数组的类型为String 。由于添加""需要耗费时间,因此我将其编写为Int。遗憾。

我有两个阵列说var array1 = [[1,2,3,4,5,6,7,8,9]]

var array2 = [[1,2,3,4],
              [2,3,4,5],
              [2,4,5,6],
              [1,2,3,4,5,6,7,8,9],
              [1,2,3,4,5,6,7,8],
              [2,3,4,5,6,7,8]]

我必须将array2的每个数组元素与array1进行比较,并插入' - '元素不匹配的地方。像这样,

var array2 = [[1,2,3,4,-,-,-,-,-],
              [-,2,3,4,5,-,-,-,-],
              [-,2,-,4,5,6,-,-,-],
              [1,2,3,4,5,6,7,8,9],
              [1,2,3,4,5,6,7,8,-],
              [-,2,3,4,5,6,7,8,-]]

我试图遍历array2中的每个数组并将其与array1进行比较,比较索引并插入' - '到索引位置,但我得到了意想不到的结果。

更新

 for item in array2{
var elementsArray = item
for i  in stride(from: 0, to: elementsArray.count, by: 1) {
    if elementsArray[i] != array1[i]
    {
        elementsArray.insert("-", at: i)
    }
    print("elemnt array.....", elementsArray, "\n\n")
}
}

我曾想过将array1的每个数组与array1进行count比较,找到不常见元素的索引,然后插入' - '在那个指数位置。
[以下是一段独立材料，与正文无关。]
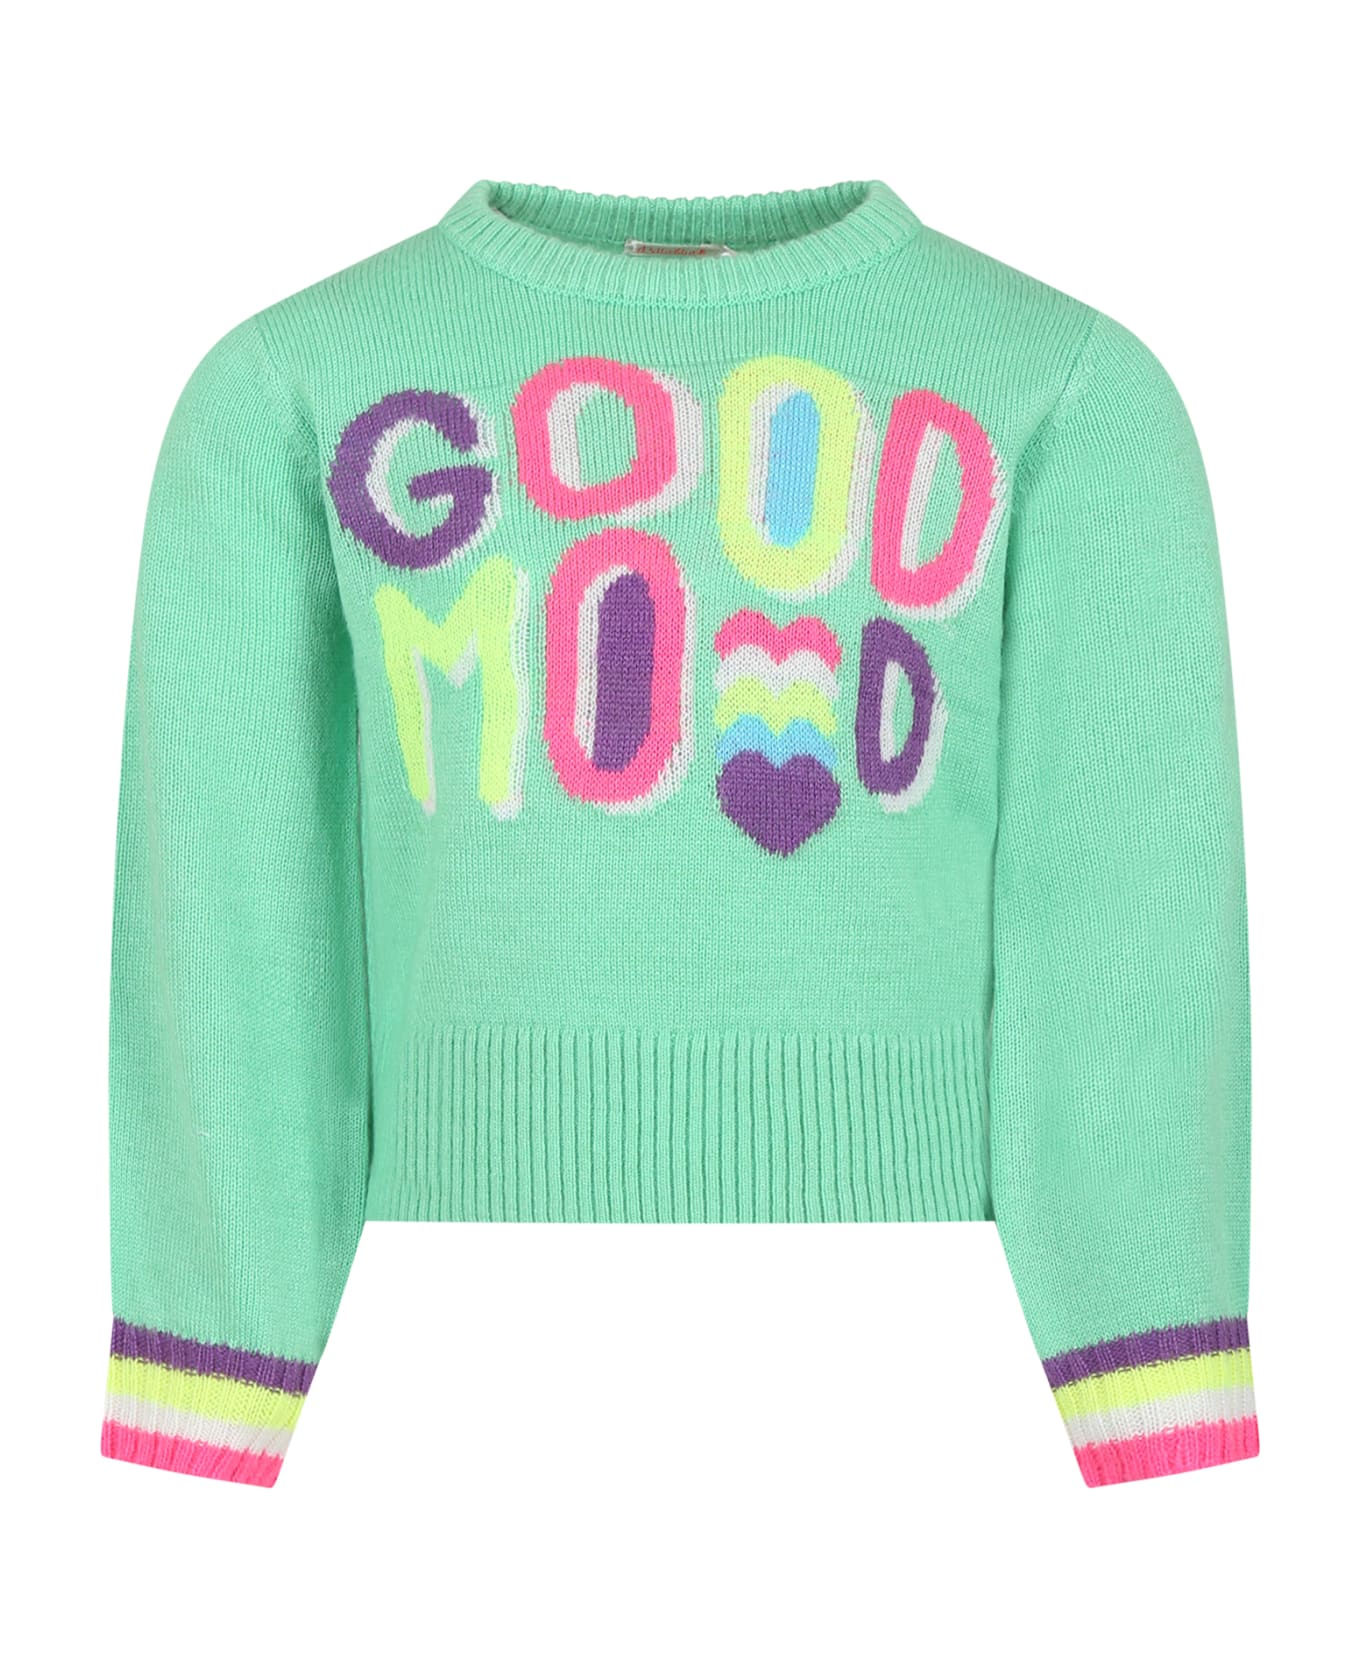 Billieblush Green Sweater For Girl - Green

这种方法对吗?请帮帮我。

1 个答案:

答案 0 :(得分:2)

您需要一个新数组,其中array2的每一行都被替换为array1 let array1 = [1,2,3,4,5,6,7,8,9] let array2 = [[1,2,3,4], [2,3,4,5], [2,4,5,6], [1,2,3,4,5,6,7,8,9], [1,2,3,4,5,6,7,8], [2,3,4,5,6,7,8]] let filled = array2.map { row in array1.map { row.contains($0) ? String($0) : "-" } } for row in filled { print(row) } ,行中最初不存在的元素替换为“ - ”:

Set(row)

输出:

["1", "2", "3", "4", "-", "-", "-", "-", "-"]
["-", "2", "3", "4", "5", "-", "-", "-", "-"]
["-", "2", "-", "4", "5", "6", "-", "-", "-"]
["1", "2", "3", "4", "5", "6", "7", "8", "9"]
["1", "2", "3", "4", "5", "6", "7", "8", "-"]
["-", "2", "3", "4", "5", "6", "7", "8", "-"]

对于大型数组,可以通过创建elementsArray来改进 更快的遏制检查,或利用这些元素 正在递增。

您的方法无效,因为static 迭代时修改它。